Voltei a adormecer. Não sei o que aconteceu depois da pancada que me deram, nem faço ideia do tempo que passou. Só sei que agora estou neste cadeirão vermelho e está uma mulher a olhar para mim com o ar de quem não sabe o que fazer comigo.
Enquanto me observa como quem avalia o meu potencial, aproveito para deslindar o sítio onde me encontro. Tendo em conta os livros empoleirados nas estantes e a secretária à minha frente, deve ser o local de trabalho da mulher que me comprou. O vermelho é a cor dominante deste lugar. Para além do cadeirão onde fui colocada em espera, as persianas, o candeeiro, a cadeira, o tapete e o vaso são todos dessa cor flamejante. O silêncio que se faz sentir cá dentro contrasta com a música dos pássaros lá fora. É que o cadeirão está junto à janela e consigo vislumbrar lá de fora o esvoaçar dos pássaros que não param de cantar. A vida deve ser lá fora. Eles voam e cantarolam continuamente. Está aqui um no parapeito da janela a olhar para mim. Porque será que está aqui? Voou sem dizer nada. Claro, porque haveria de se justificar a uma mera almofada fechada em quatro paredes sem saber o que lhe vai acontecer? De repente, esta gaivota branca e de bico amarelo, com a postura de quem tem o mundo a seus pés, suscitou em mim a curiosidade de voar em direcção ao céu azul longínquo. Quero ser como ela para poder voar até onde me apetecer ou até onde o vento me permitir. Mas não posso. Não tenho asas. Que pena, gostava tanto de poder fazer coisas diferentes. Pior do que isso, não posso fazer nada. Só posso estar aqui à espera. À espera que a mulher decida qual o meu destino e à espera que outro pássaro venha de novo perto de mim e cante para que me sinta menos só. Talvez assim possa continuar a sonhar em ter asas e voar até à exaustão.

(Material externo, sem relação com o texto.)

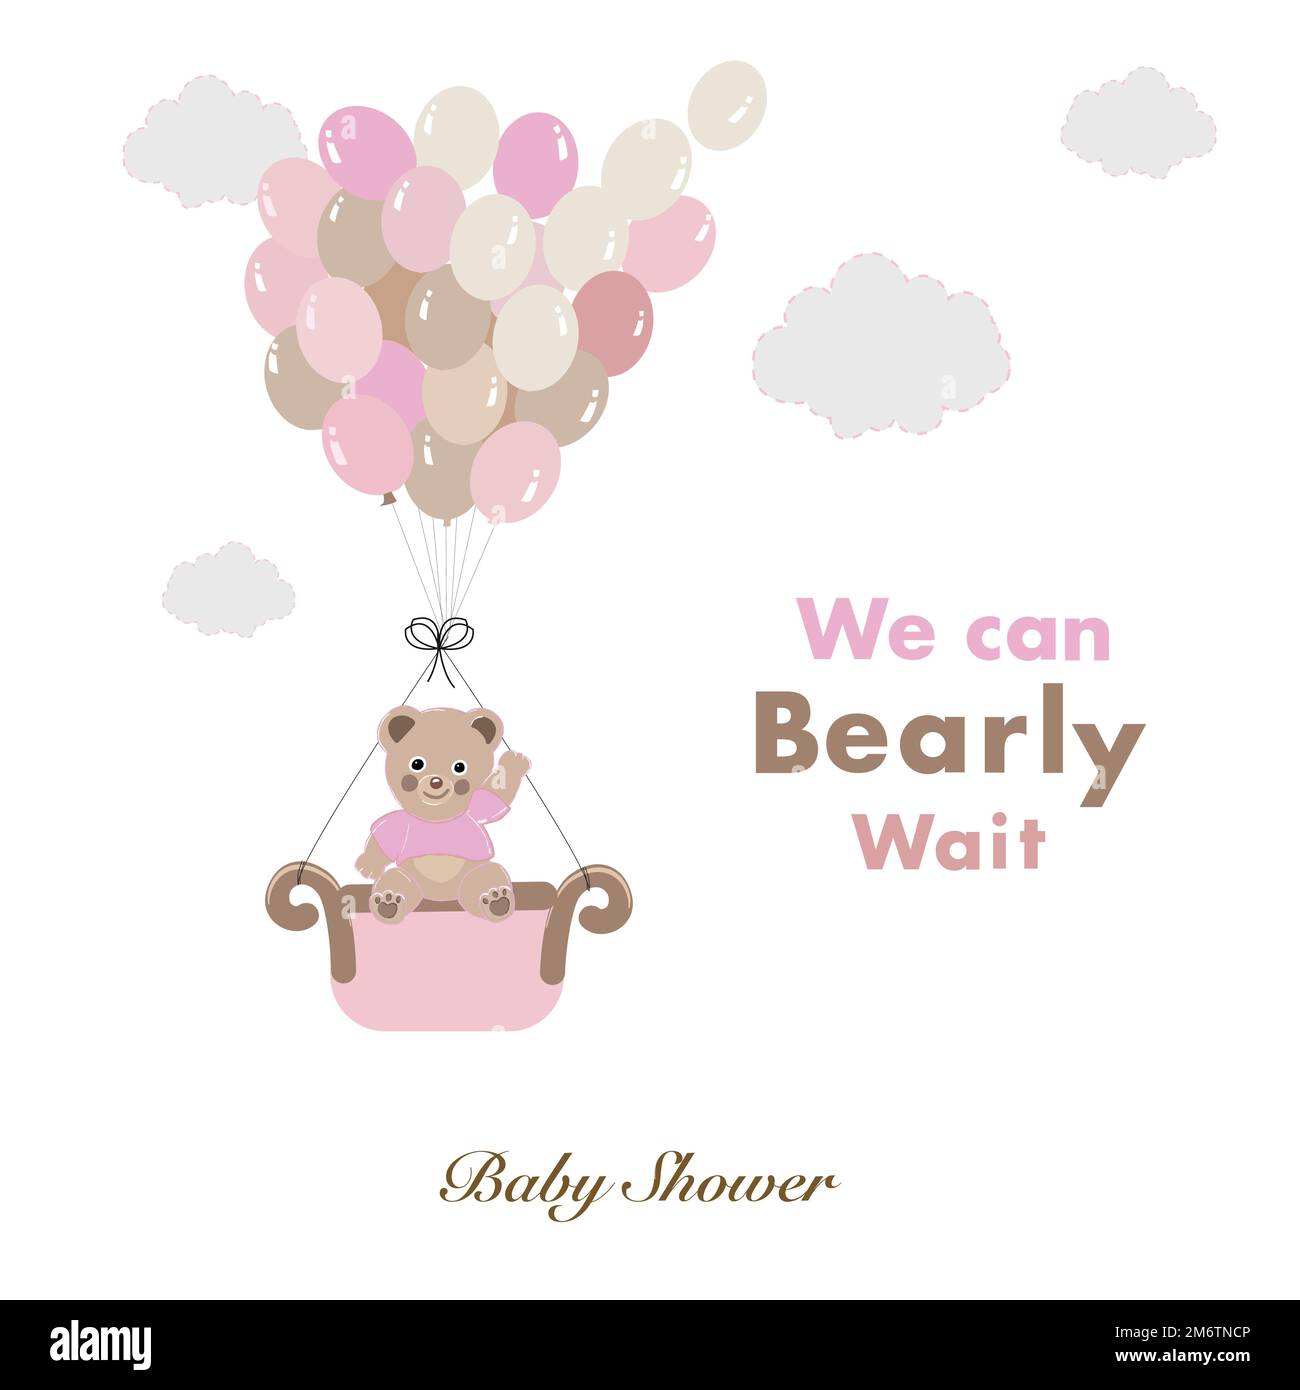 We can bearly wait text with teddy bear and a lot of balloons Stock Vector

Por ora continuo a sentir-me perscrutada e avaliada. O que se passa? As mãos da mulher estão a afagar-me. Tão macias e mornas. Agora dança comigo nos seus braços. Ao som da melodia de Wim Mertens, somos embaladas numa doçura que me tranquiliza e me faz distrair do céu azul que se vai transformando. O dia está a acabar com o sol a pôr-se e a confirmar-me que haverá outro amanhecer. Lá em cima, quase se pode adivinhar o pincel que alguém usa para mudar as tonalidades do céu, destacando a cor de laranja forte a contrastar com o cerúleo que se vai desvanecendo.
Já não me sinto tão triste por não ser um pássaro. Deve ser por causa da voz da mulher a cantar tão próximo de mim. Será que vai ser sempre assim ou será que me vai esquecer quando tiver outra almofada mais bonita do que eu? Bem sei, estou sempre a pensar no que vai acontecer depois, em vez de aproveitar e viver o momento em que estou. Como se esquecesse constantemente que na verdade é aqui e agora que devo estar e ser. Daí que tantas vezes não consiga ser feliz, simplesmente porque estou a desejar estar noutro local e noutro tempo que não aquele que passa. Digo passa, porque acabo por não vivê-lo de modo real.
Ao estar de volta ao cadeirão percebo que perdi uma oportunidade. Suspiro e volto a suspirar. À espera.